Ingres, Raphael and Delacroix

Subsequently, art historians agreed that painting portraits was one of the strongest points of Ingres’ talent. He himself considered portraits to be trash, a craft way of making money. Ingres took seriously only his works on antique and historical subjects. And he loved the naked female body, he was its indefatigable singer.

A talented student of David, Ingres quickly deviated from his principles. At the top of Ingres’ personal Olympus, there was only a place for the main idol, Raphael. He was generally convinced that Raphael was the best thing that happened in the world of painting, and after him the history of art turned “somewhere in the wrong place.” Ingres saw his purpose in returning to Raphael and then going away from him in the right direction, continuing and developing his traditions. Ingres immeasurably revered Raphael, but he could not stand Rubens, claiming that the art of the latter “is disgusting and hostile, like gloomy darkness to a ray of light.

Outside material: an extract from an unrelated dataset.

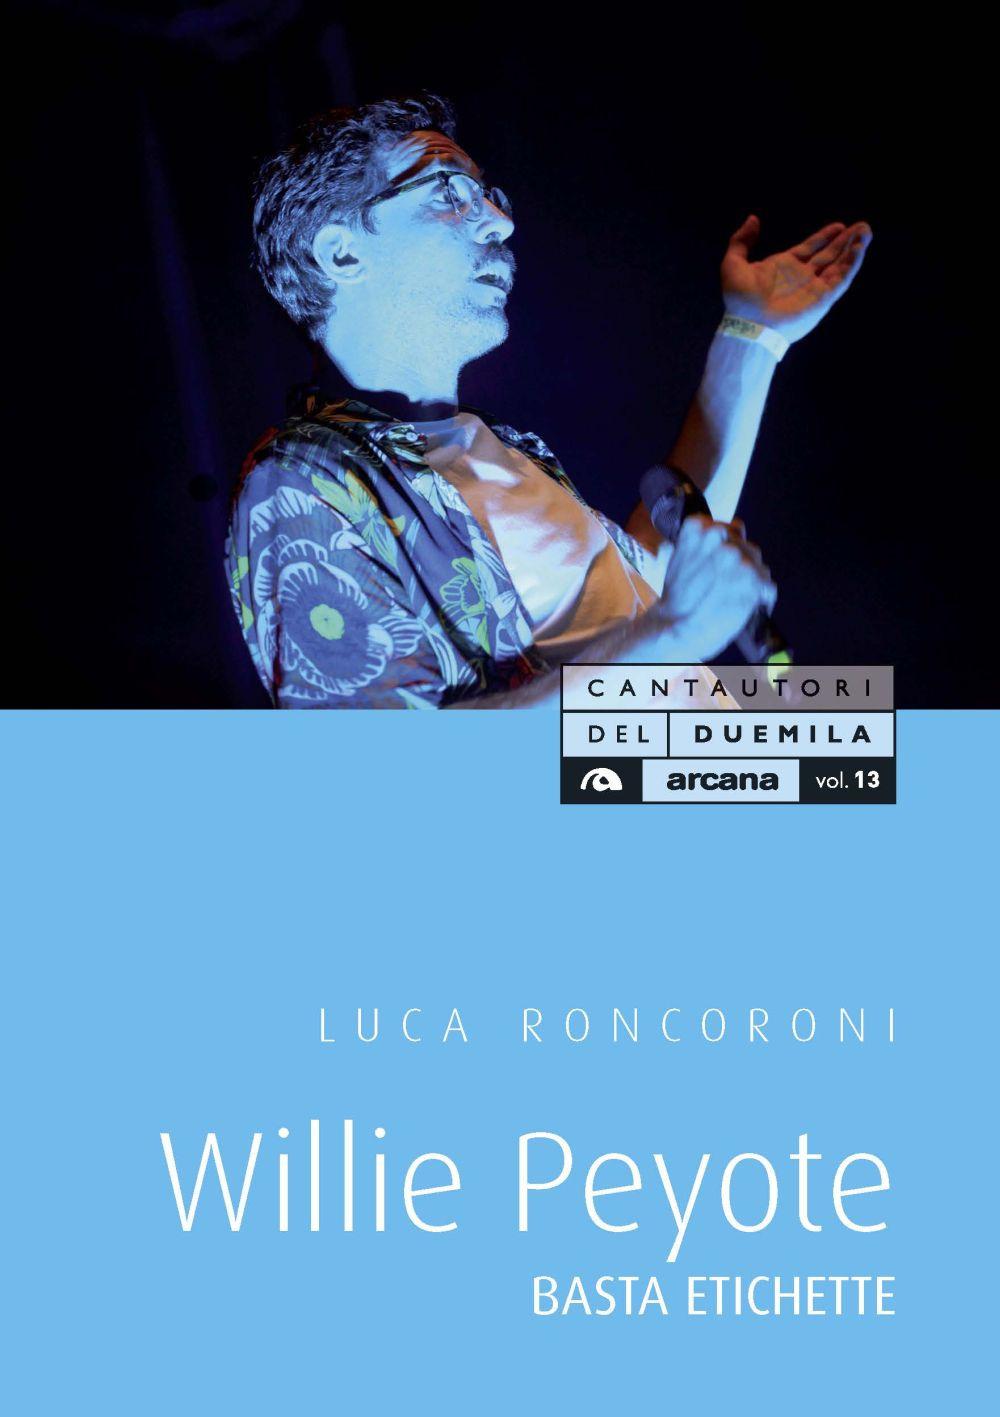 WILLIE PEYOTE. BASTA ETICHETTE - Roncoroni Luca - 9788862318341

Speaking of Ingres, Delacroix was usually recalled. The confrontation of those titans, the confrontation of classicism and romanticism created some tension in which French painting of those years developed. Ingres’ antique motifs and plots, appeal to the frescoes of the Renaissance, worship of Raphael, the finest drawing, adherence to the classicism resisted Delacroix’s passion, sophisticated possession of color and romantic doctrine. The rivalry was balanced, perhaps, due to both artists’ equally powerful talent.

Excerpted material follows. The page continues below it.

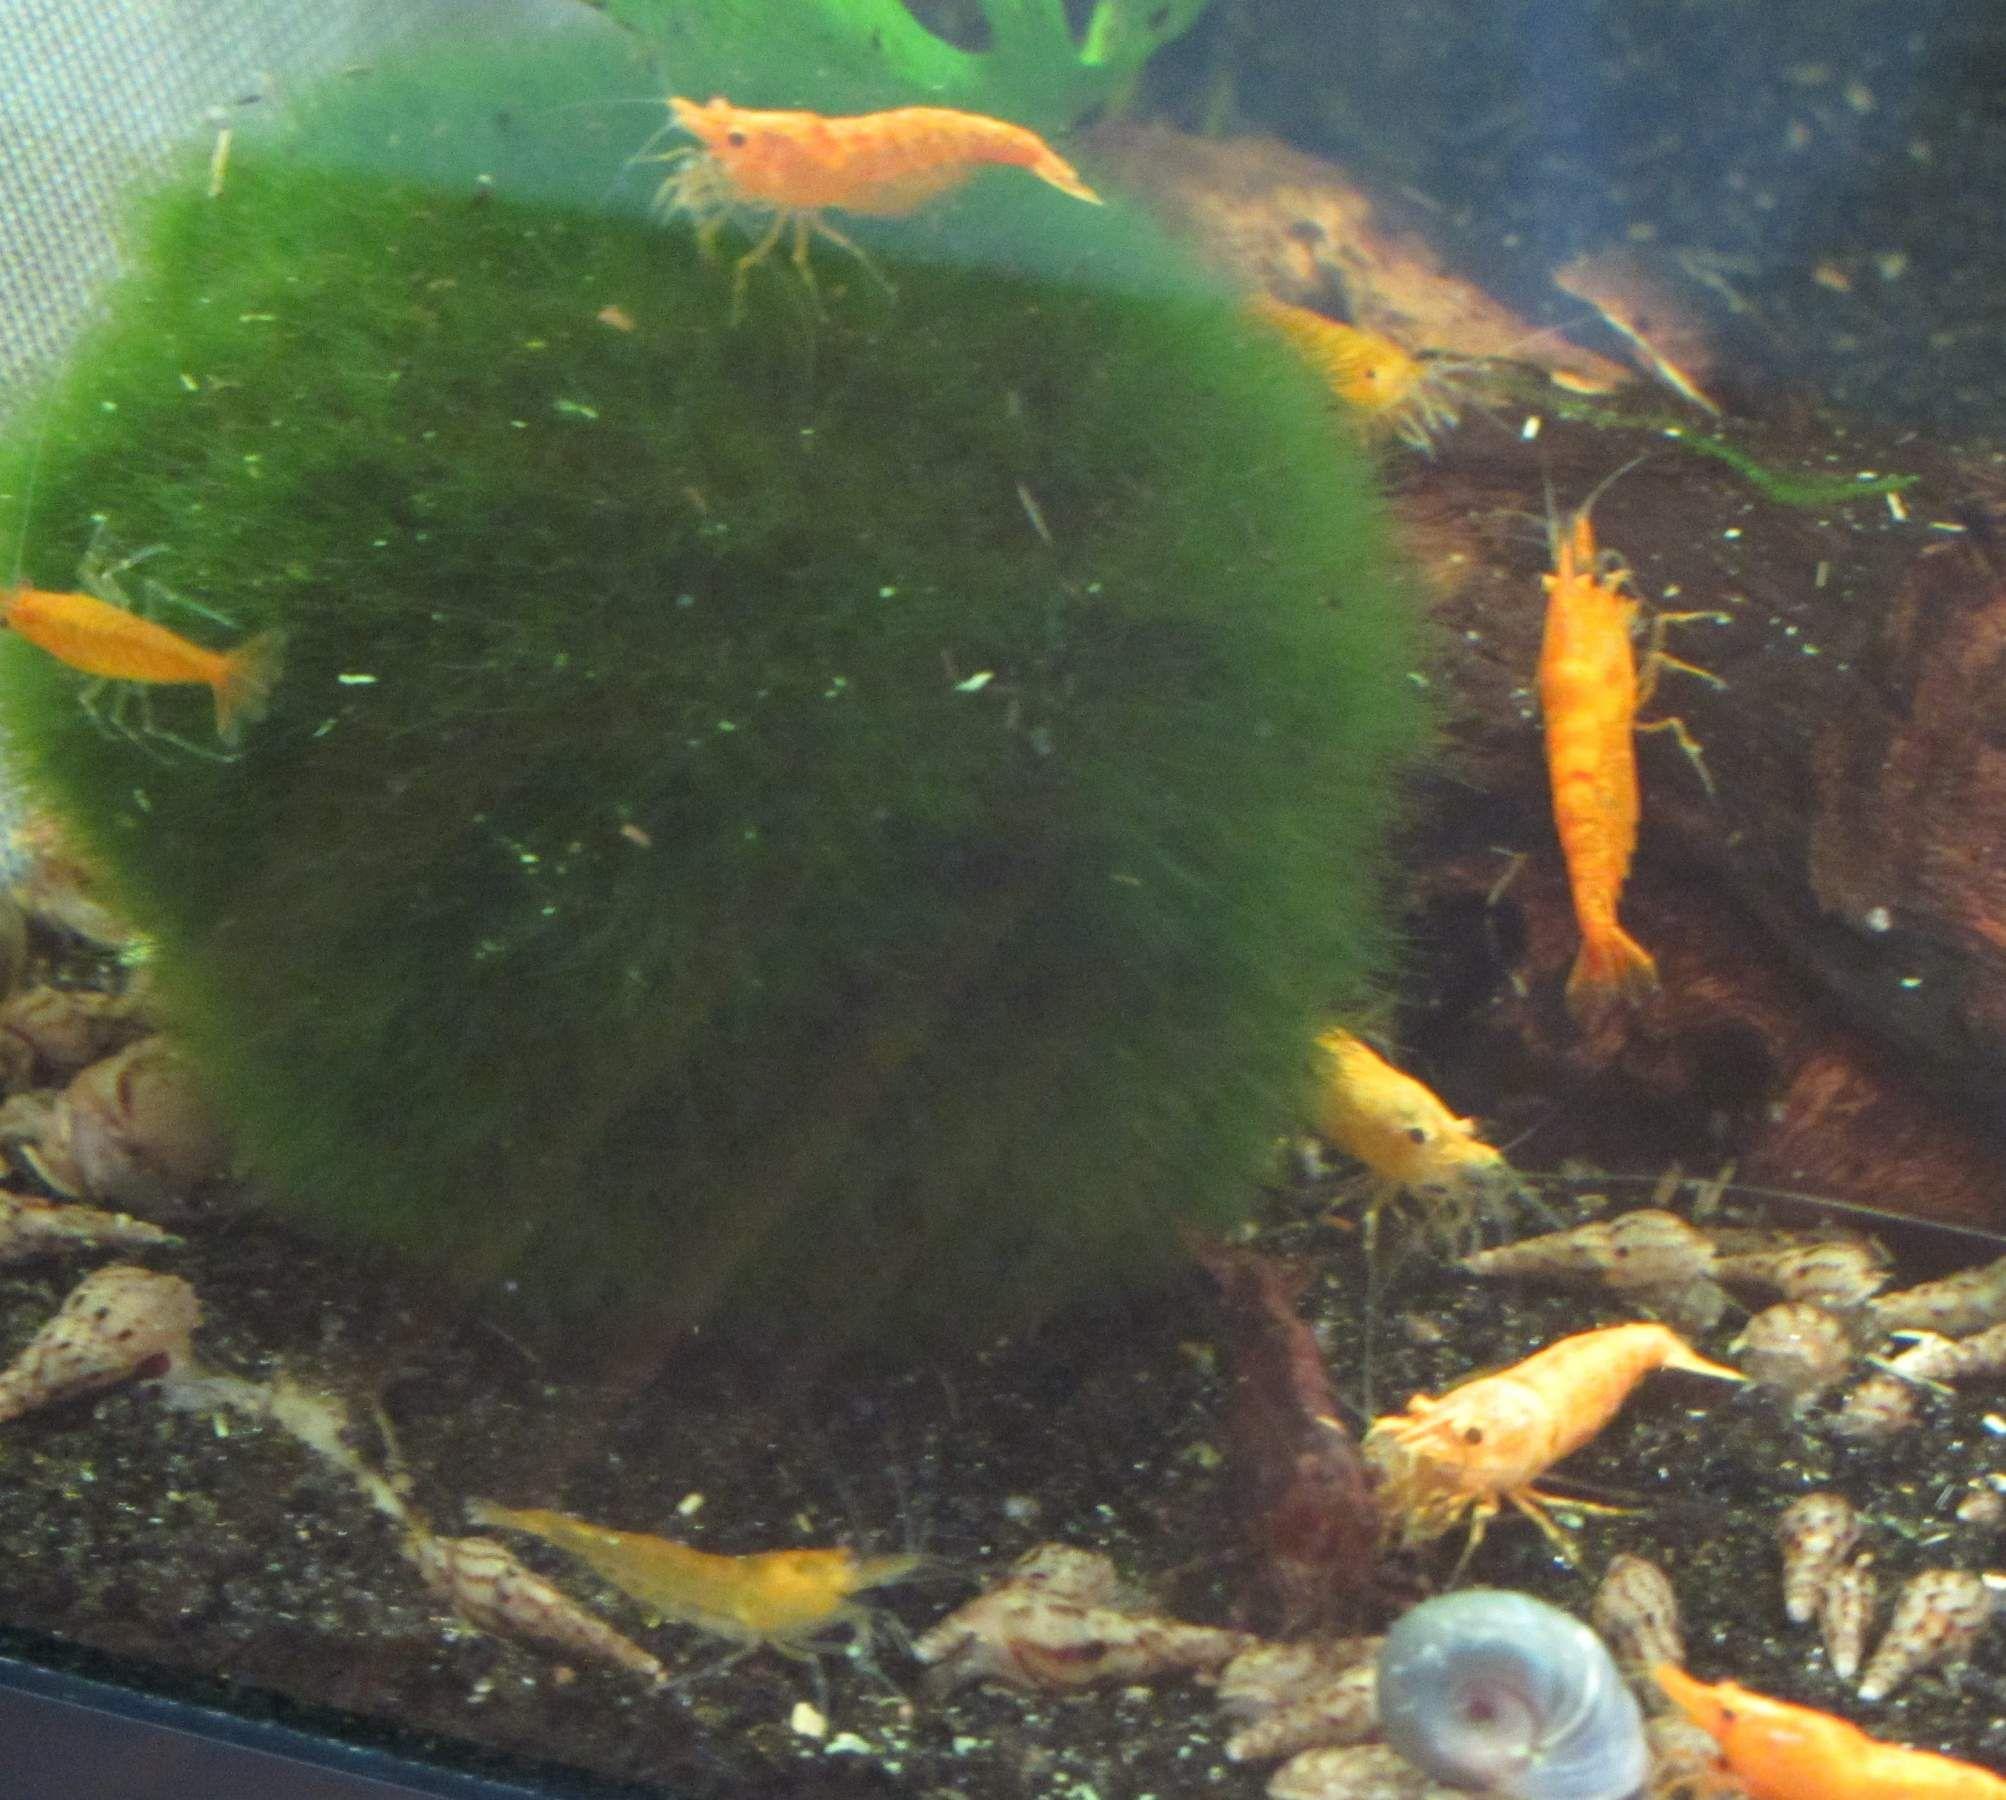 Vegetarian freshwater aquarium fish - Freshwater Snails Freshwater Fish Tankfish

Ingres was called the last bastion of the classical school, but he was clearly underestimated. It was because the Impressionists, whom that “bastion” was called upon to confront, admired Ingres. His influence was recognized by the Fauvists led by Matisse and by the Cubists led by Picasso. And, as you know, all those comrades did not particularly respect academicism. Thus, Ingres was much more than just the classical tradition.